SESエンジニアとして働いている方のなかには、今の現場が「合わない」と感じている方もいるかもしれません。

人間関係、技術や将来的なスキルアップ、業務内容など、その理由はさまざまでしょう。そういった漠然とした不満を抱えたまま働くのは辛いものです。

この記事では、現場が合わないと感じたときにどうすべきか、その対処法を具体的に解説します。そして、将来的には「現場が合わない」という悩みを解決しやすくするためのキャリアの築き方についても考えていきましょう。

SESの現場が合わないと感じたときの対処法

漠然と抱えている「現場が合わない」という感情は、そのままにしておくと精神的な負担となりパフォーマンスの低下にもつながるかもしれません。

まずはその感情を具体的な項目に分解して言語化することが重要です。これにより自身の不満の根本原因を理解し、次に起こすべき行動を考えるきっかけになります。

どのように考えると整理しやすいか、2つのポイントで解説するのでここで確認しておきましょう。

どんな理由で「合わない」と感じるのかを具体化

現場が合わないと感じる理由は人それぞれですが、多くのSESエンジニアが抱える代表的な理由を知っておきましょう。

以下に列挙したので、自分に当てはまるものはないか自己分析の参考にしてみましょう。

  • 人間関係:客先のメンバーやチームリーダーとコミュニケーションが円滑にとれず、精神的に疲れてしまう。
  • スキル:自分がもつスキルと求められるスキルが合わず、十分に能力を発揮できない。
  • 業務内容:興味のない業務や単調な作業が多く、スキルアップにつながらないと感じる。
  • 評価制度:自分の貢献が正当に評価されていないと感じる。

感情的な不満ではなく、具体的な改善点を整理する

単に「現場が嫌だ」という感情的な不満を抱えたままでは、次のステップへ進むことはできません。不満の根本原因が分かったら、それを次に求める「前向きな希望」へと変換してみましょう。

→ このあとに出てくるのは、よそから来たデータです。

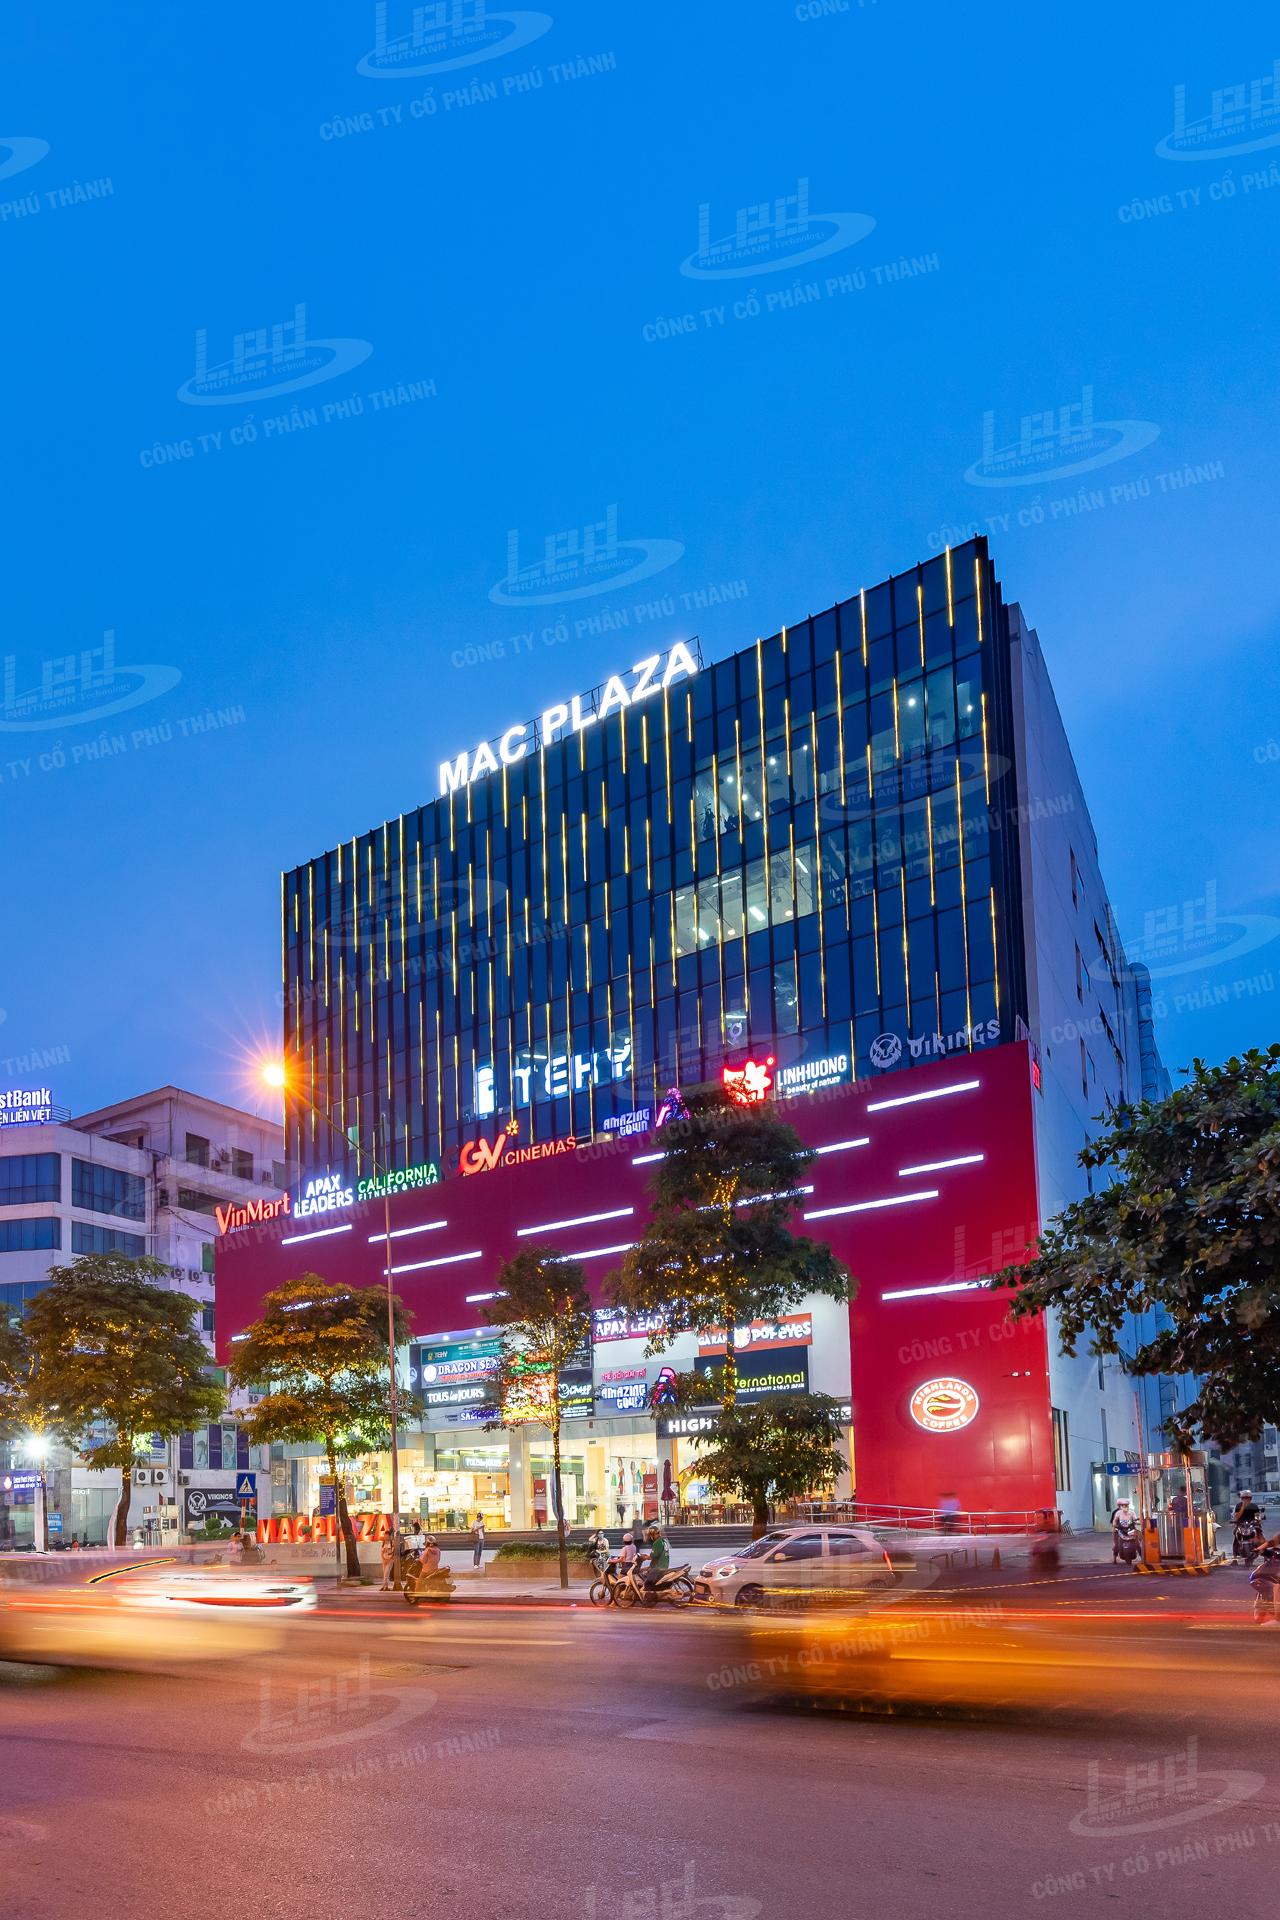 Mac-Plaza-05

  • 「人間関係が合わない」→「コミュニケーションが活発で、お互いを尊重し合えるチームで働きたい」
  • 「技術スタックがミスマッチ」→「新しい技術に挑戦できる現場に行きたい」
  • 「評価が不明瞭」→「自分の頑張りが正当に評価される仕組みがある会社で働きたい」

このように感情的な不満を具体的な改善点に置き換えることで、次に目指すべき現場の条件が明確になります。

会社のサポート体制を活用する

「現場が合わない」という悩みを抱えているのは、自分一人だけではありません。所属しているSES企業は、そういったエンジニアの悩みを解決するためのサポート体制を整えていることがほとんどです。

例えばキャリアコンサルタントやメンター制度、定期的な面談などを活用することで、営業担当者以外の視点からもアドバイスをもらえるかもしれません。多くの場合、会社側はエンジニアの悩みに気づかないことが多いため、こちらから積極的に相談することが大切です。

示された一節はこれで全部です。